Wednesday, May 7, 2014

Musical Spotlight: Fiddler on the Roof

I haven't written anything in this series in over a year, and when trying to figure out what I wanted to blog about today, I realized I was in a very Fiddler-esque mood.

Fiddler on the Roof is, after The Music Man, probably my favorite older musical. With music by Jerry Bock and lyrics by Sheldon Harnick, it made its Broadway debut in 1964, with Zero Mostel in the lead. In 1971 it was adapted into a movie starring Topol, who played the lead role on the London stage. The original Broadway production won nine Tony Awards and became the first musical in history to pass 3,000 performances in its run. It was the longest-running Broadway musical for almost 10 years (until Grease, which is not nearly as good).

I have been able to see this show live twice, once at a dinner theater in Illinois, and once on Broadway with Alfred Molina. Both productions were deeply moving, but that's less because of the special power of the individual productions themselves and more because the show itself is just very, very good.

Set in 1905 in Russia, it follows the story of a Jewish milkman named Tevye, his wife, and his five daughters (although only the oldest three are really relevant to the plot). As the world around him changes and his eldest daughters each push for non-traditional independence, he struggles to maintain his cultural and religious traditions. It's a beautiful, moving, often funny story about the difficulty of holding onto faith in the face of resistance, as well as the the question of when it's better to hold onto tradition and when it's best to abandon it.

After that extremely long intro, on to the music! Here are five of my favorite songs from the show. All clips are from the movie version, which is one of my all-time favorite musical movies.

1. Tradition
This is actually probably my least favorite of these five, but it so perfectly captures the feel and the theme of the show that I had to include it. In it, Tevye talks directly to the audience. He introduces us to his town, Anatevka, and its most important inhabitants. The song does a great job of portraying this small community held together so tightly through their shared traditions. It may be more monologue than singing, but it's a great show opener.

2. If I Were a Rich Man
This is probably one of the most well-known songs from the show, and it's definitely one of my favorites. It's a fun, upbeat song where Tevye daydreams about what it would be like if he were wealthy, instead of having to work hard all the time for just barely enough to feed his family.

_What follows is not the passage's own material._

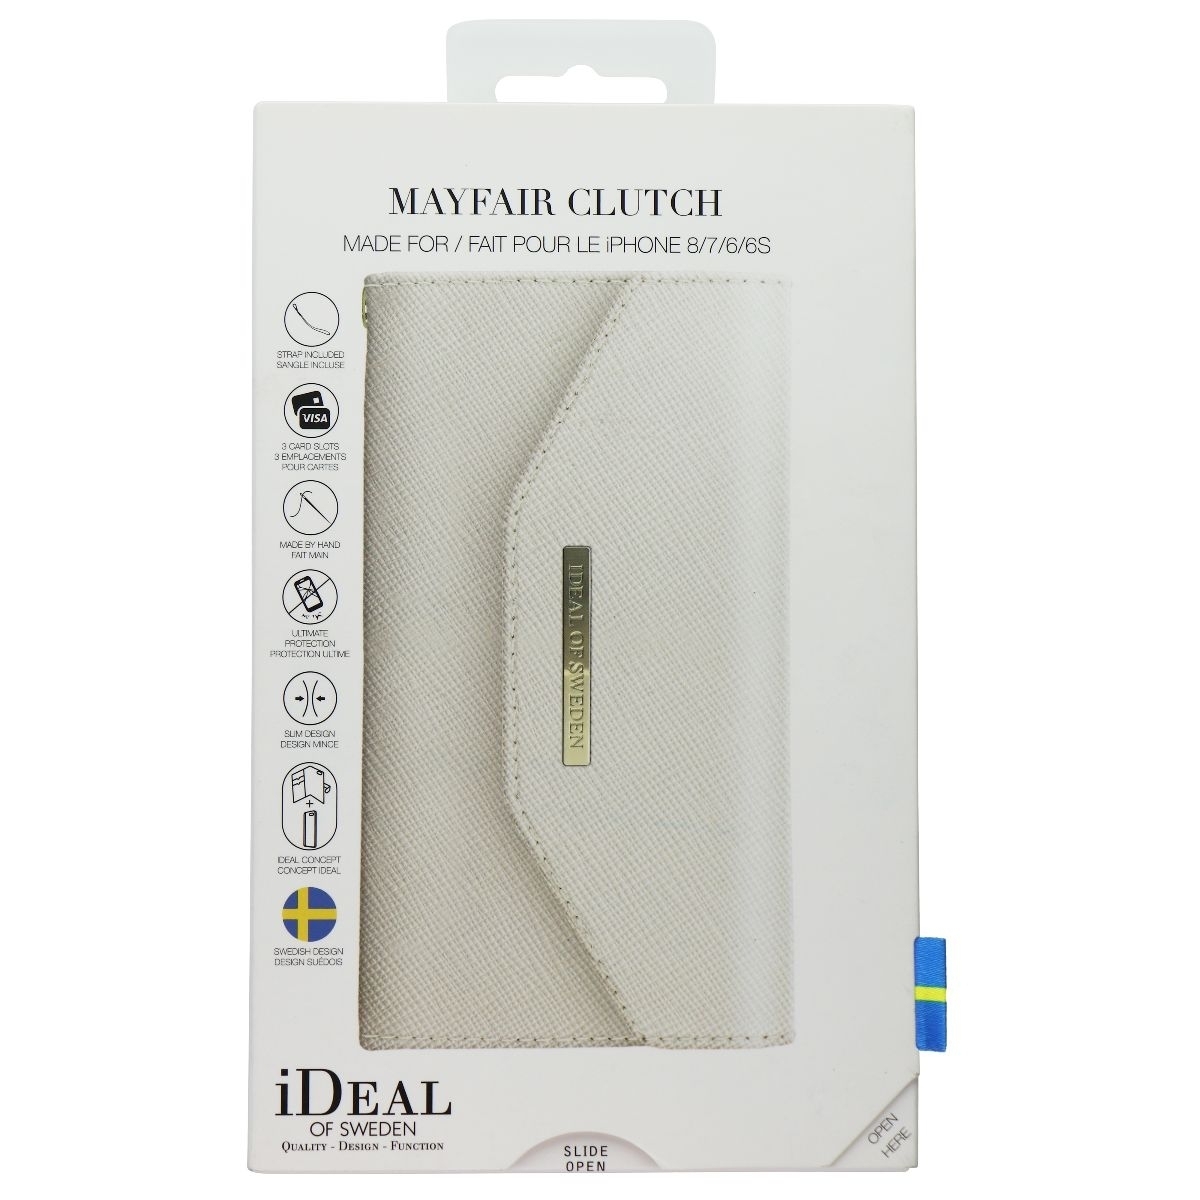 IDeal Of Sweden Mayfair Clutch Wallet Case For Apple IPhone 8/7/6s/6 - White (Refurbished)
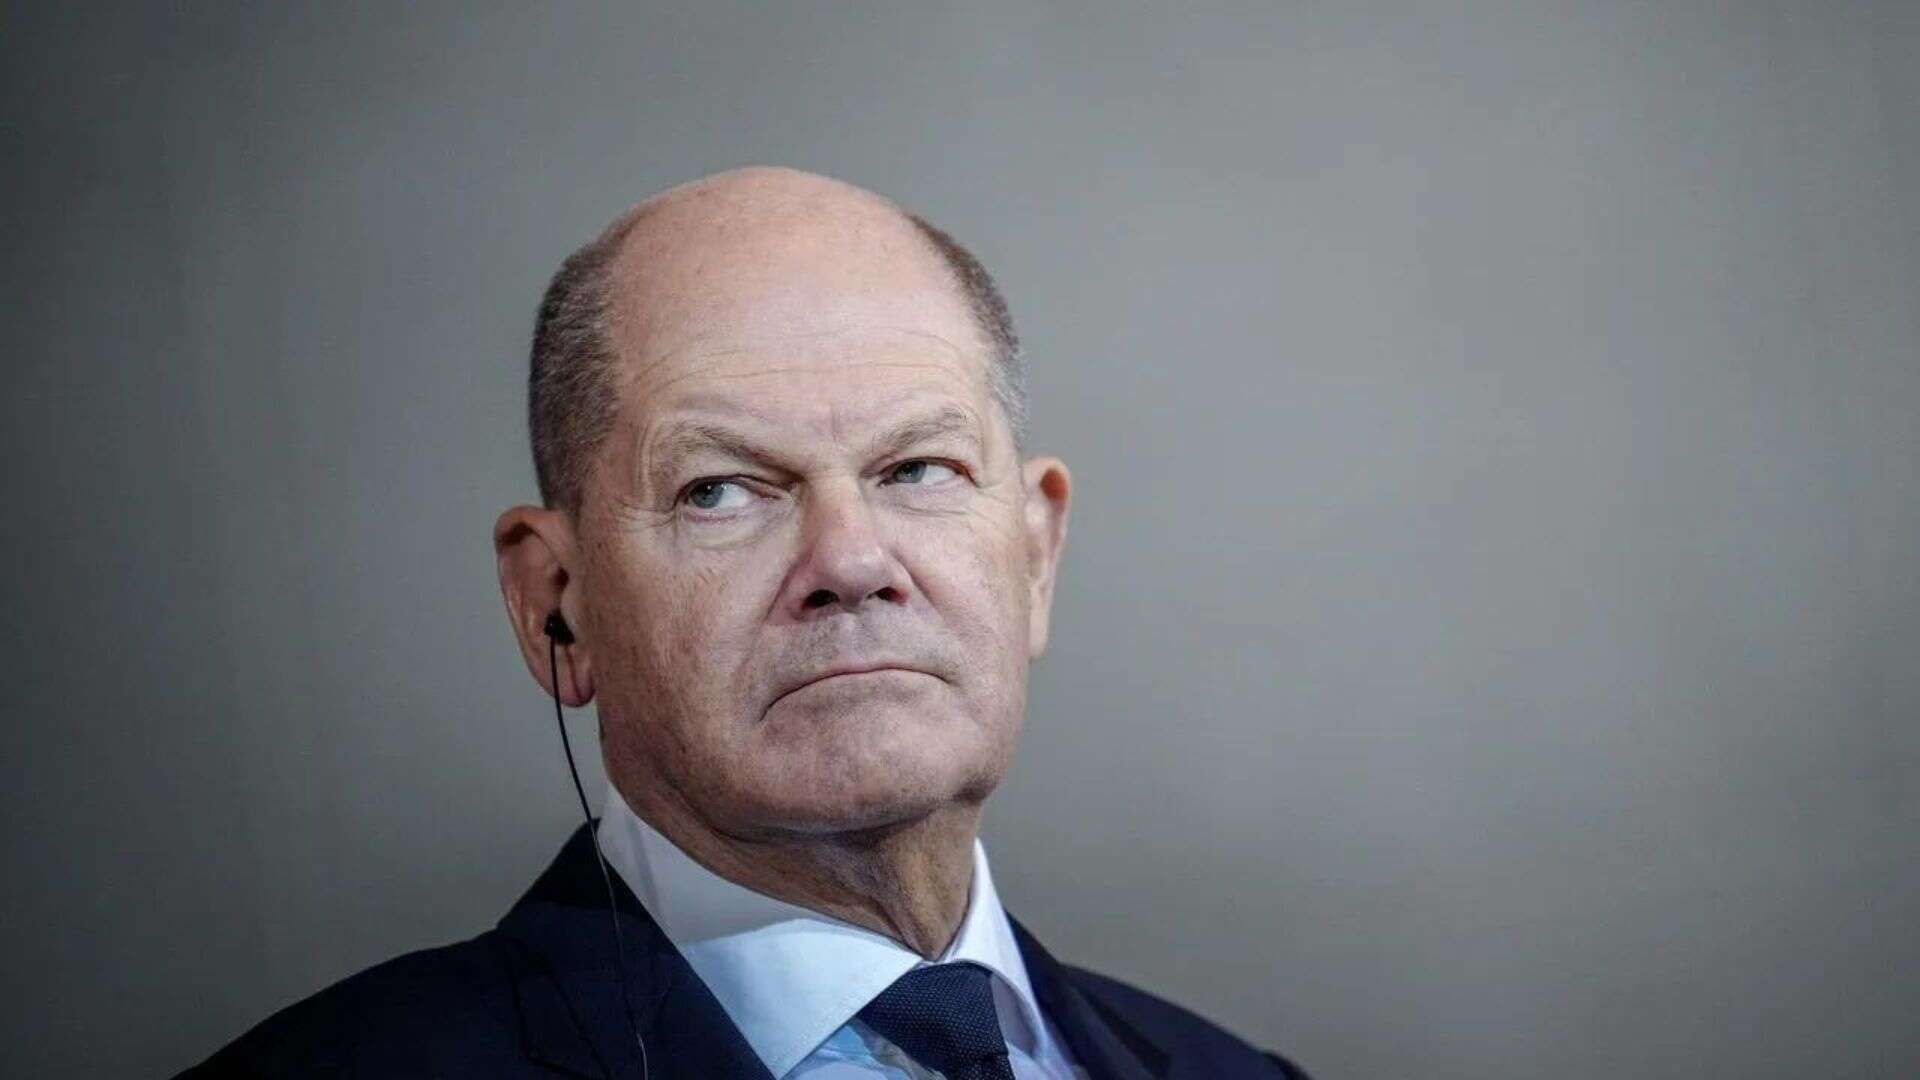 German Chancellor Olaf Scholz To Attend Ukraine Peace Summit

The gleeful painting of a world in which he never has to work and where all the men in town flock to him for advice makes me smile.

Like much of this show, its humor and cheerful is intermingled with wistfulness. I especially love the section where he dreams about being able to just sit and study the scriptures all the time. The song slows down and you get the sense that his wish isn't just about the fun of idleness, but that he finds his faith and all related things deeply meaningful, and having the time to pray and study scripture more is really one of the things he wants most.

3. Sabbath Prayer
Partly I had to choose this because this one is never anyone's favorite. This gorgeous little song is set up simply as a prayer they say over their family every Sabbath, and while I think it's one of the most lovely melodies in the entire show, it kind of slides under the radar. My favorite part is the very end, where the family is joined by the entire chorus singing the song as well. It really brings together again the idea of shared culture and shared tradition binding the community together.

4. Sunrise, Sunset
This song was one of my very very favorite showtunes for quite a few years. It takes place during Tevye's eldest daughter's wedding, and while at first listen it seems a bit bleak and dark for such a happy occasion, I absolutely love it. Very few of the songs in this show are all-happy or all-sad. Instead, every happy song has some mourning mixed in, and every sad song has some hope. In this case, as the older generation watches a young girl get married, they think of how quickly time passes and how this young couple will now have to make their way on their own, working together through both the good and the bad times.

And, of course, this song is followed by a great deal of happy celebratory dancing, so the wedding music isn't all sad.

5. Far From the Home I Love
Another sad song with a beautiful, beautiful melody. In this song, Tevye's second daughter is leaving home to join her soon-to-be husband, who has been exiled to Siberia for his political activism. In this song, she tries to explain to her father that she is making this choice freely, that even though she dearly loves her family and hates leaving them behind, her new home is wherever her husband is. While the song's bridge is more positive in tone musically, conveying the idea that she truly loves the idea of spending her life with this man, wherever he is, the song overall is one of saying goodbye, even knowing that she may never have a chance to see her family again. It's sad and beautiful and I love it.

If you are unfamiliar with this show, I highly recommend the movie. It's a very well-done adaptation and well worth the watch.